East London River Port, 1870s

The Lady Kennaway was wrecked a few days after landing, but not before its passengers had been disembarked. They included 153 women and girls, collected from orphanages and workhouses across Ireland (filled to bursting point by the Great Irish Famine of 1845-49), and taken to South Africa to marry demobilised soldiers.

These soldiers were not British, but mainly German mercenaries, recruited to fight for Britain in Crimea, and relocated to South Africa after the war (which they had barely fought in) had concluded. The British governor’s idea was that they could form the basis of a colonial settlement (and be rescued from the twin perils of intermarriage and homosexuality) by bringing out marriageable women. One of those women was my great-great-grandmother, Margaret Gallagher.

What must it have been like for her, plucked from the trauma of Ireland aged 20, where she had probably seen friends and family die from hunger, transported across the ocean in an ageing hulk and dropped into the heat of East London, the bright sunshine of a Cape spring, with the uncertain prospect of being married off to a soldier she had never met?

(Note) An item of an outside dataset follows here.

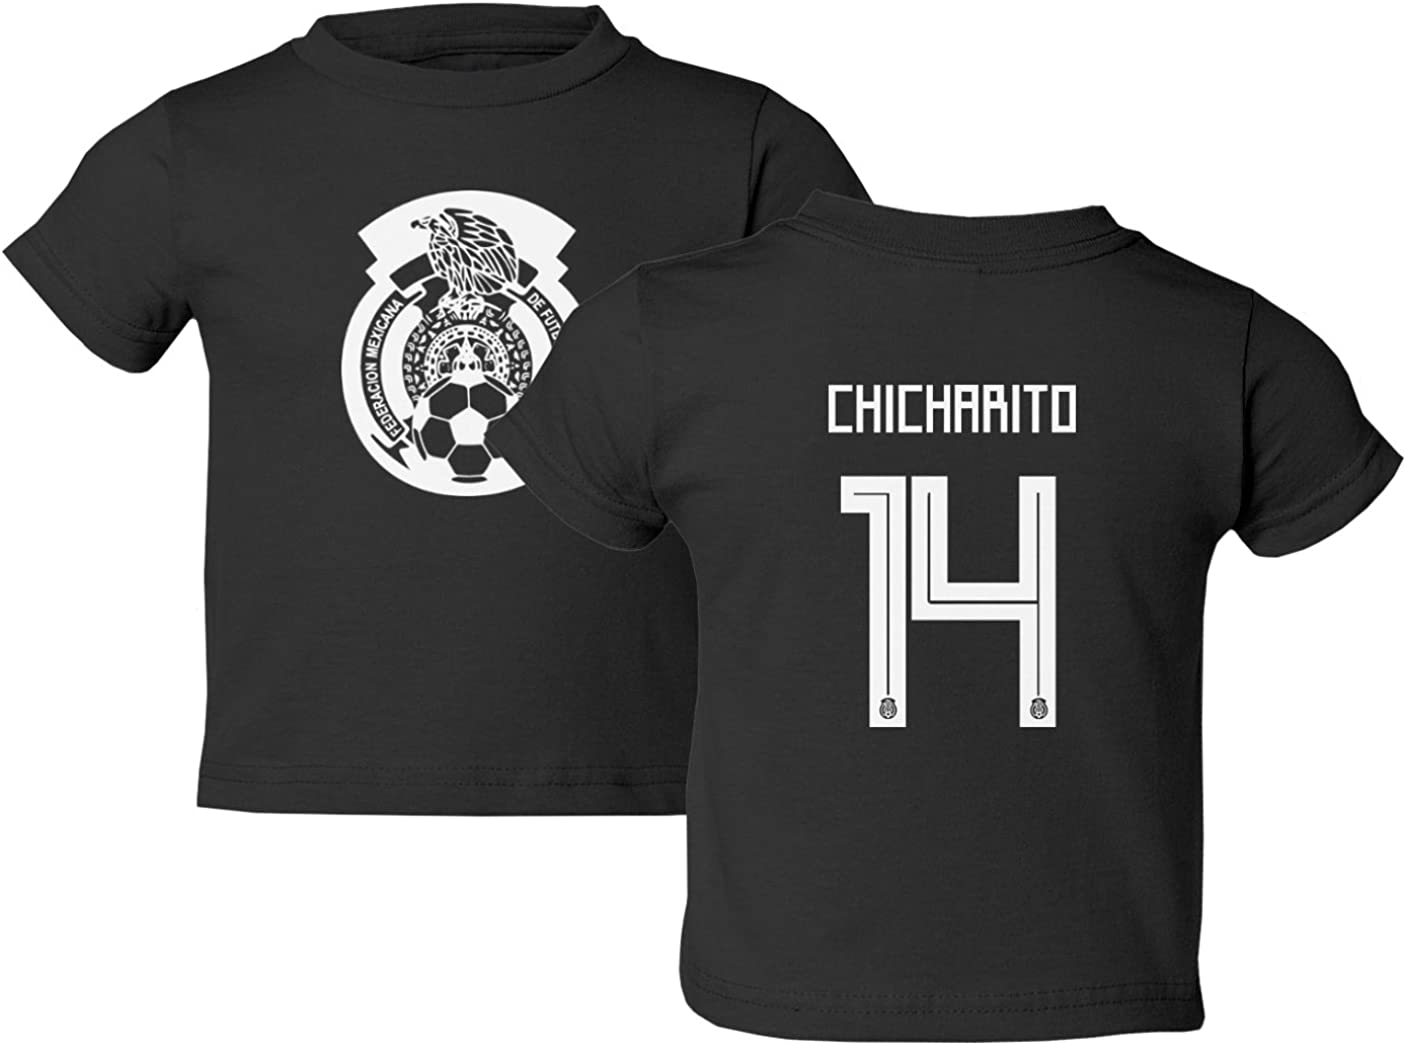 Tcamp Mexico 2018 National Soccer #14 Javier CHICHARITO World Championship Little Kids Girls Boys Toddler T-Shirt Black, 4T
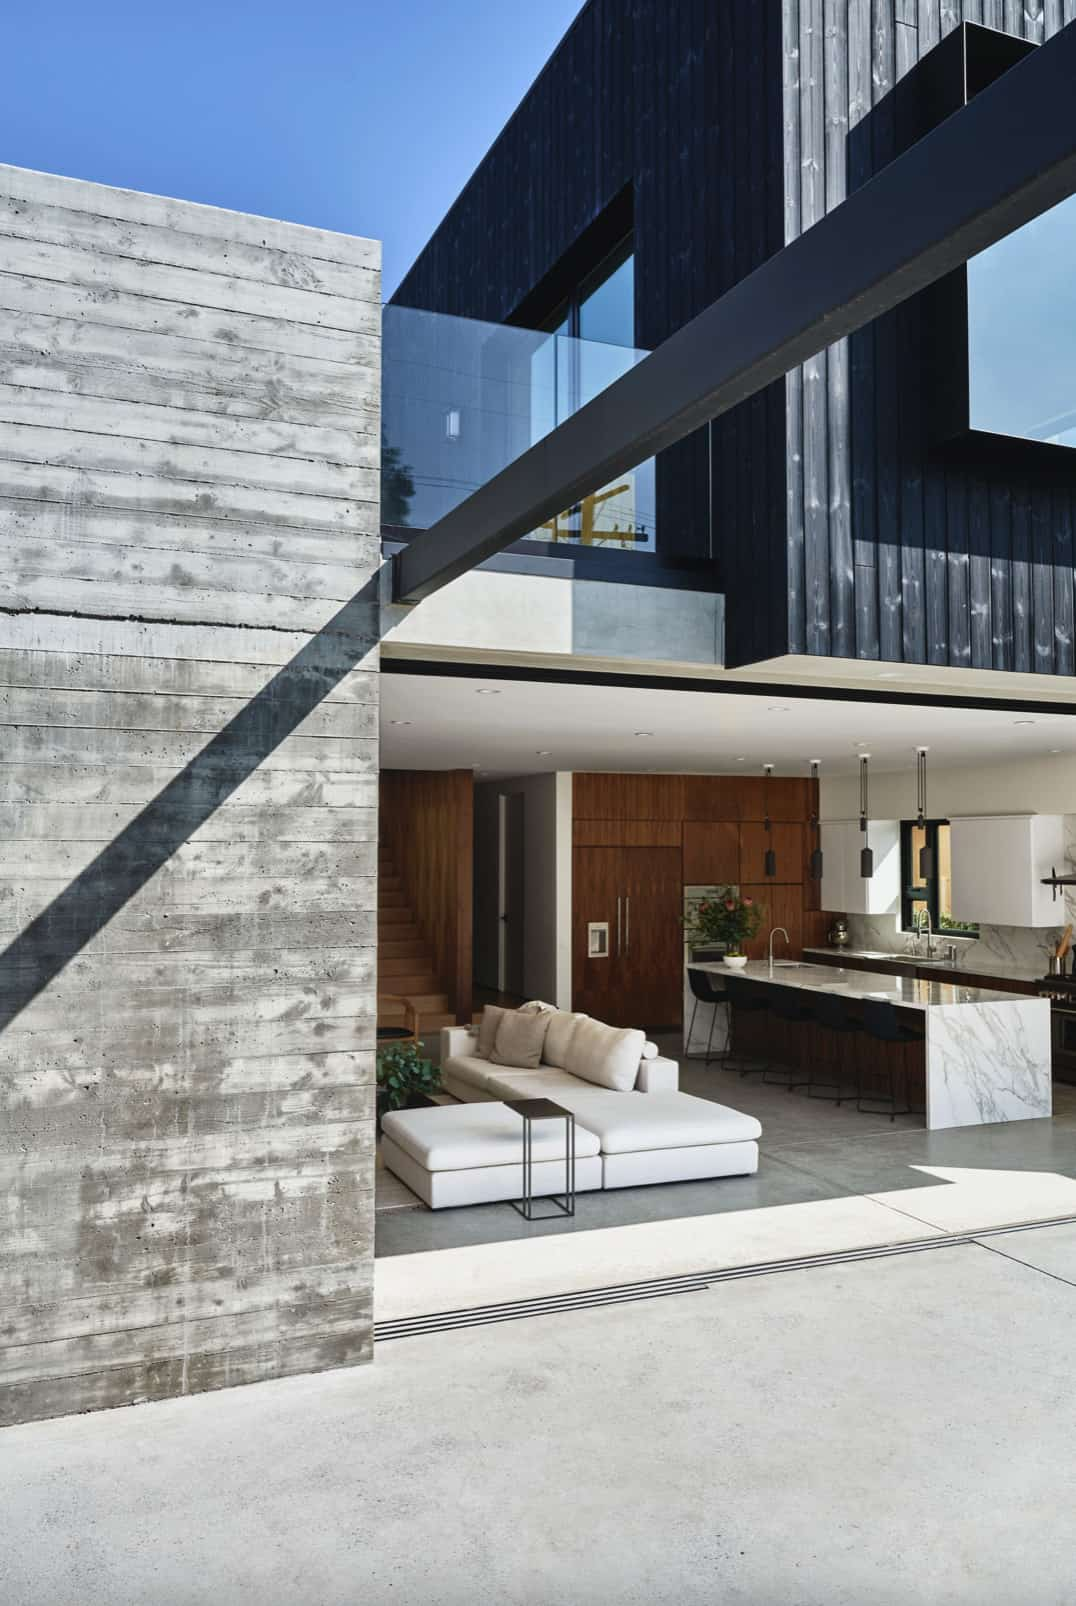 suvremeni-dom-vanjski-dvorište-dvorište

Margaret seems to have been lucky. She took up with Patrick Lowry, one of soldiers escorting them to King William’s Town, the provincial capital (now called Qonce). They married and had numerous children (family sources seem unsure of precise numbers), the second-youngest of whom, Annie, was born in Gibraltar, presumably a new posting for Patrick. Annie subsequently married and settled in Essex, where our lives overlapped for a year in the early 1970s.

As I said above, the story is far from exceptional – there must be 152 others like it from that one journey – but it is one little instance of how the great machine of the British Empire scooped people up and moved them halfway across the world, like so many pieces on a chess board.

It recruited foreign mercenaries for a Black Sea war, found it couldn’t use them, and shipped them to settle the lands from which the British had displaced Dutch settlers (who had in turn displaced the indigenous Khoikhoi through warfare and disease). It created orphans through negligent famine in one place, and sent them halfway across the world as soldiers’ concubines. It could be a surprisingly mobile and inter-connected world, but a cruel one too.